What is the frequency distribution below and determine the range variance and standard deviation of the population function v=1-2-3-4-6-0
F=1-2-3-4-3-2
The frequency distribution shows that the population function has a range of 6, meaning that the values range from 0 to 6.
To find the variance of the population function, we need to find the mean of the values, which is:
(1+2+3+4+6+0)/6 = 2.67
Then we subtract the mean from each value, square the result, and multiply by its frequency:
(1-2.67)^2 * 1 = 2.11
(2-2.67)^2 * 2 = 1.78
(3-2.67)^2 * 3 = 0.30
(4-2.67)^2 * 1 = 1.11
(6-2.67)^2 * 1 = 9.16
(0-2.67)^2 * 2 = 7.12
Adding these values together gives us:
2.11 + 1.78 + 0.30 + 1.11 + 9.16 + 7.12 = 21.58
To find the variance, we divide this sum by the total frequency (10 in this case):
21.58/10 = 2.16
The standard deviation is the square root of the variance, so:
√2.16 = 1.47
Therefore, the range of the population function is 6, the variance is 2.16, and the standard deviation is 1.47.

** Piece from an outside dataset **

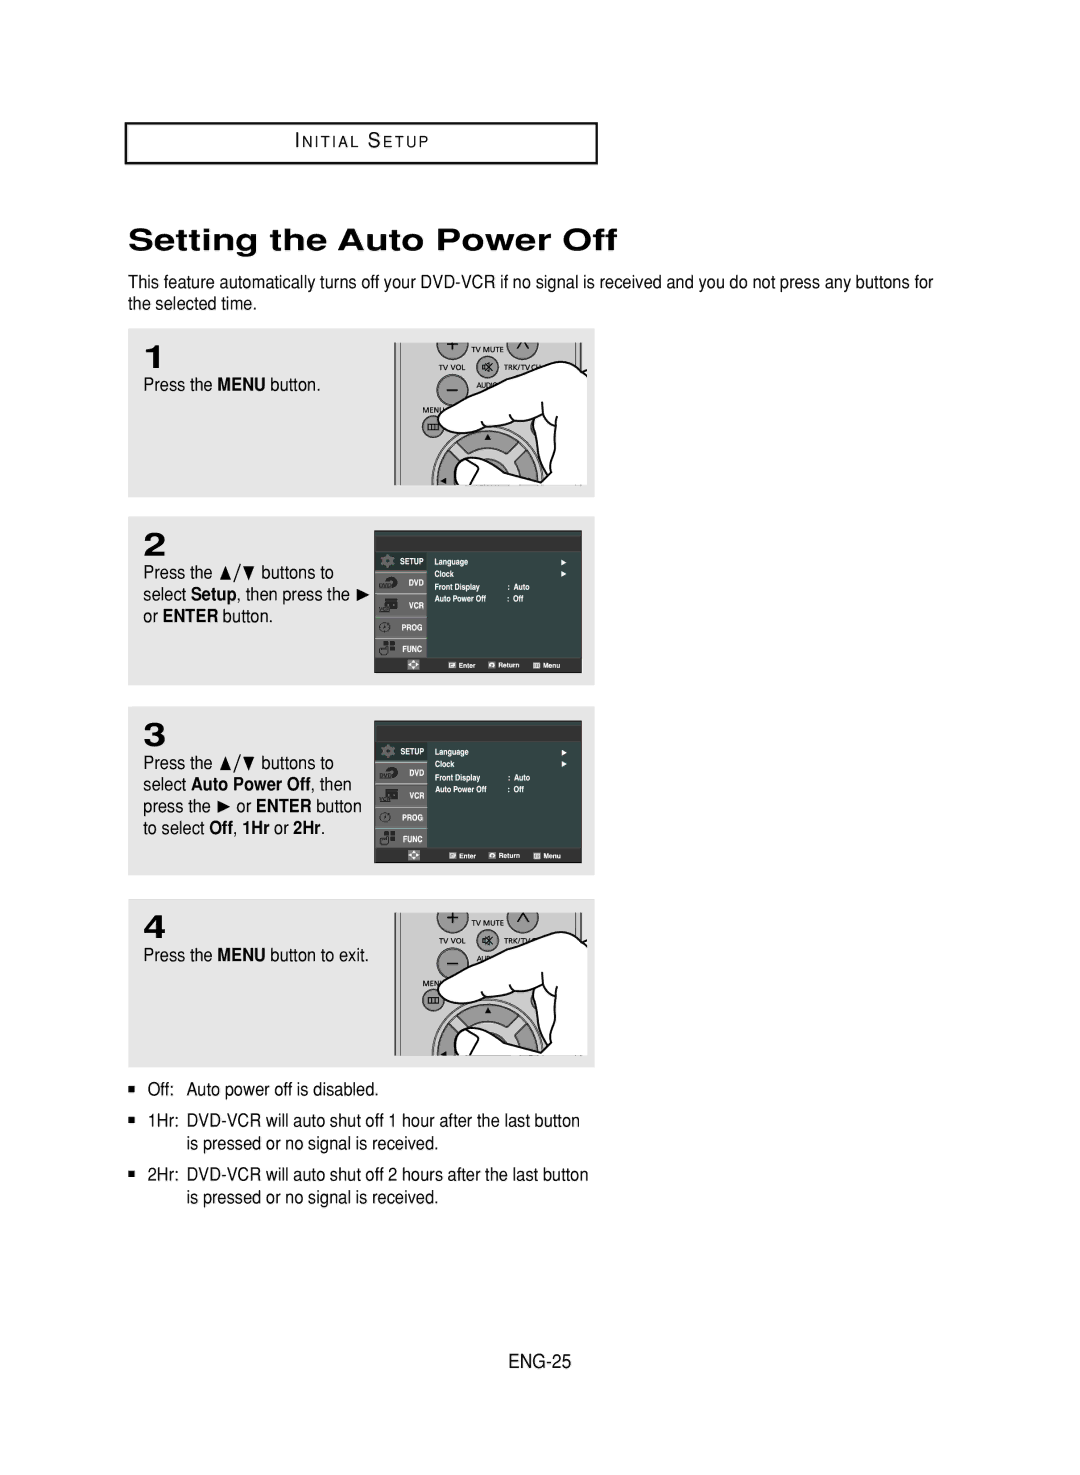 Samsung DVD-V9800 instruction manual Setting the Auto Power Off, ENG-25

To determine the frequency distribution, first, we can list the unique values in the population function v=1-2-3-4-6-0:
1, 2, 3, 4, 6, 0
Next, we count the frequency of each value in the population function F=1-2-3-4-3-2:
For value 1, the frequency is 1.
For value 2, the frequency is 2.
For value 3, the frequency is 2.
For value 4, the frequency is 1.
Now we can represent the frequency distribution in a table format:
Value | Frequency
-------------------
1 | 1
2 | 2
3 | 2
4 | 1
6 | 0
0 | 1
To determine the range of the population function, we subtract the minimum value from the maximum value:
Range = Maximum value - Minimum value
= 6 - 0
= 6
To calculate the variance and standard deviation, we need to calculate the mean of the population function.

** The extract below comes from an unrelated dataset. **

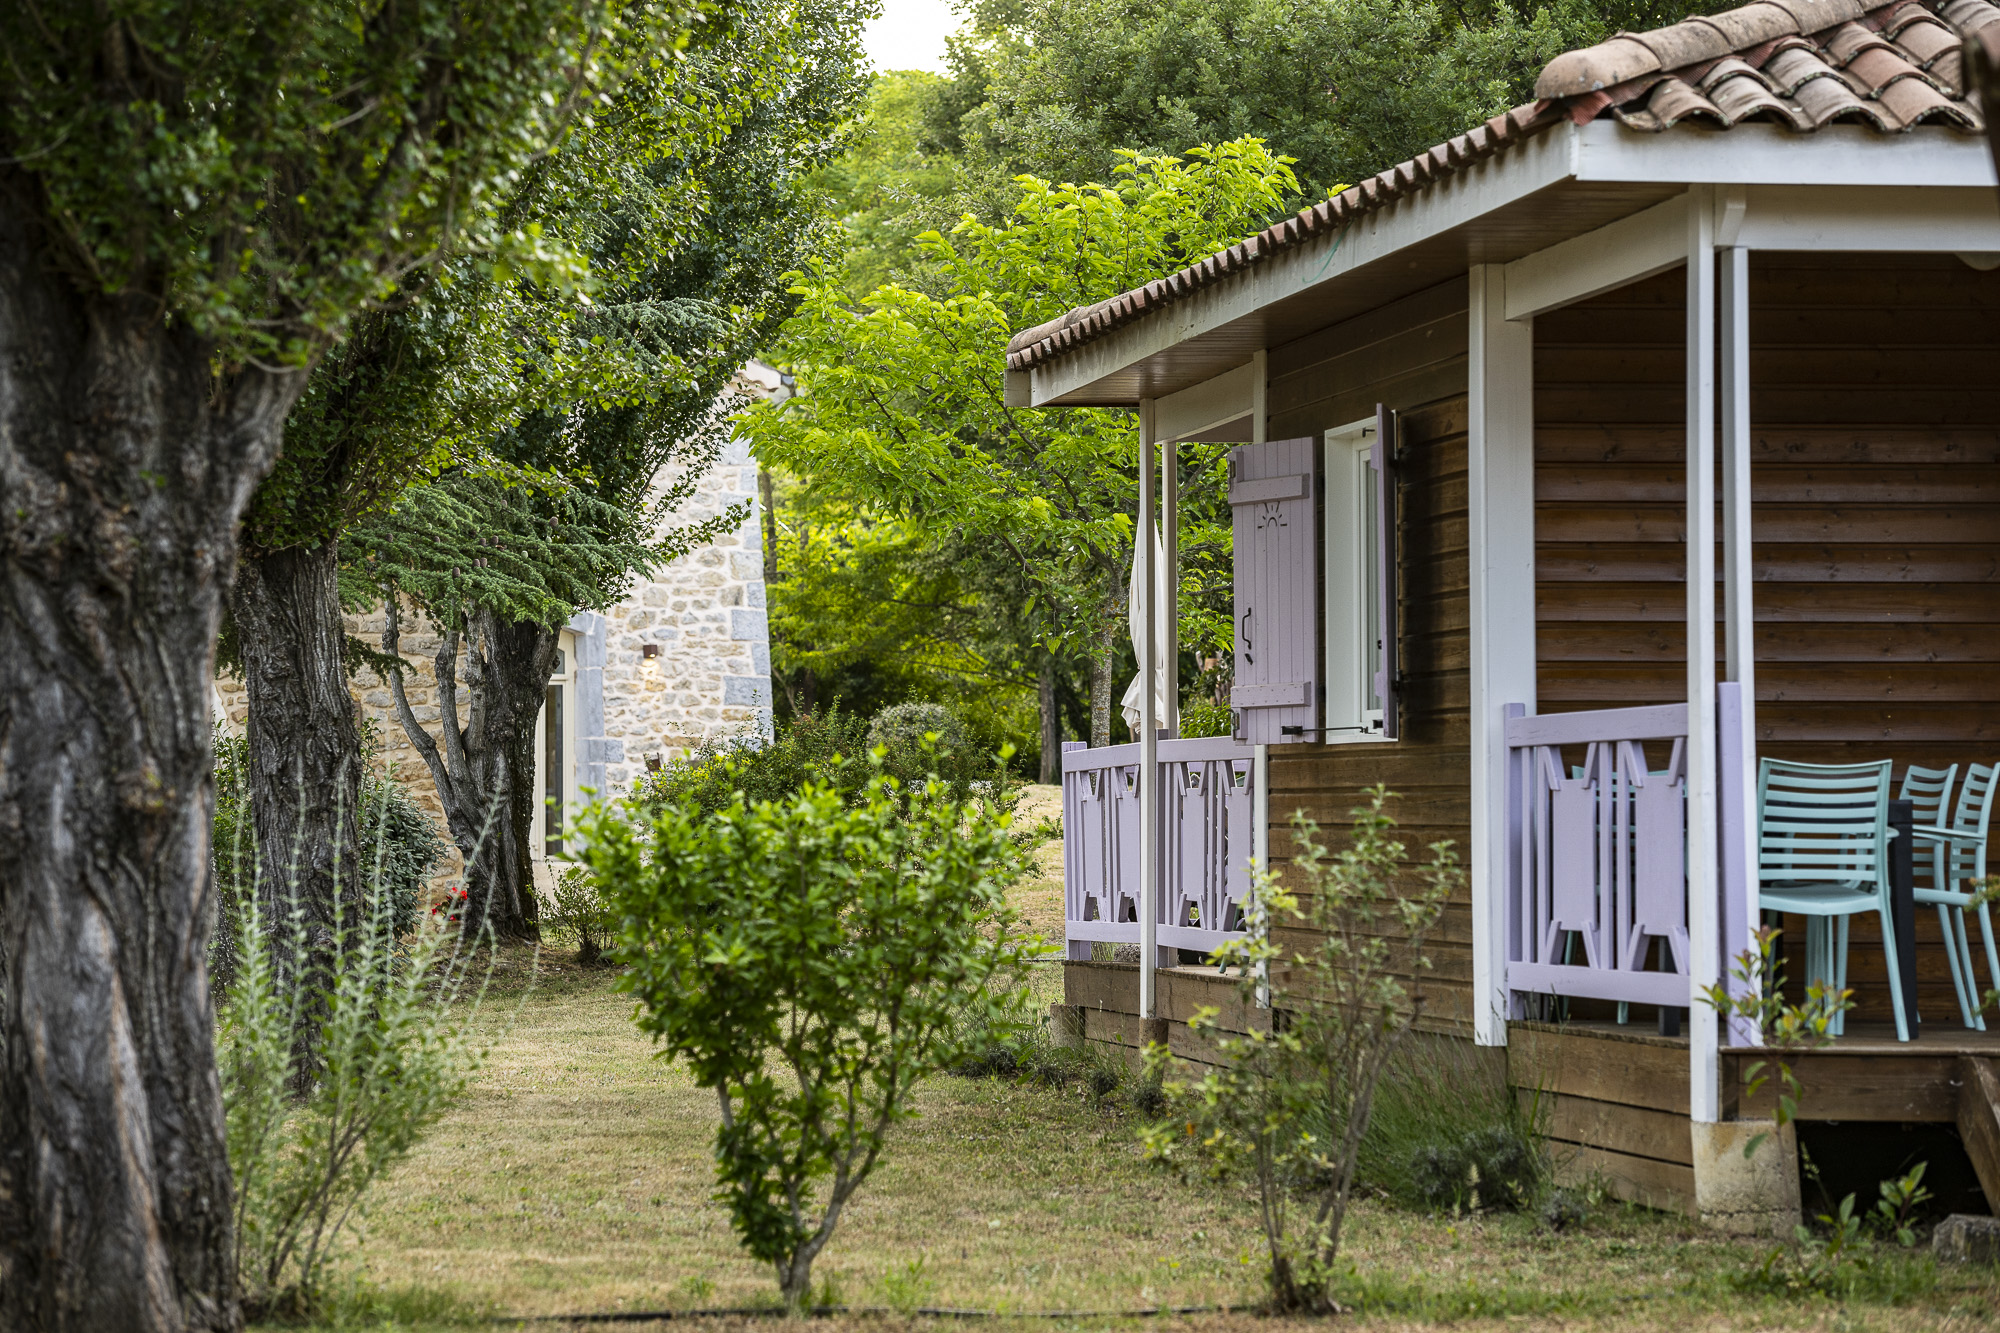 Accommodation - Chalet 2 Bedrooms Of 2 Single Beds- 1 Bathroom - Olivier Pmr (Adapted To The People With Reduced Mobility) - Castel Domaine de Sévenier & Spa

Mean (μ) = (1 + 2 + 3 + 4 + 6 + 0) / 6
= 16 / 6
= 2.67 (approximately)
To calculate variance, we follow these steps:
1. Subtract the mean from each data point and square the result.
2. Multiply each squared difference by its corresponding frequency.
3. Sum all the multiplied values obtained from step 2.
4. Divide the sum obtained from step 3 by the total frequency.
Let's perform these calculations:
For value 1: (1 - 2.67)^2 * 1 = 2.1129
For value 2: (2 - 2.67)^2 * 2 = 4.8884
For value 3: (3 - 2.67)^2 * 2 = 0.3536
For value 4: (4 - 2.67)^2 * 1 = 1.7689
For value 6: (6 - 2.67)^2 * 0 = 0
For value 0: (0 - 2.67)^2 * 1 = 7.1489
Sum: 2.1129 + 4.8884 + 0.3536 + 1.7689 + 0 + 7.1489 = 16.2727
Variance = Sum / Total frequency = 16.2727 / 6 = 2.7121 (approximately)
Finally, to calculate the standard deviation, we take the square root of the variance:
Standard Deviation = sqrt(Variance) = sqrt(2.7121) = 1.6470 (approximately)
So, the frequency distribution is:
Value | Frequency
-------------------
1 | 1
2 | 2
3 | 2
4 | 1
6 | 0
0 | 1
The range is 6, the variance is 2.7121 (approximately), and the standard deviation is 1.6470 (approximately).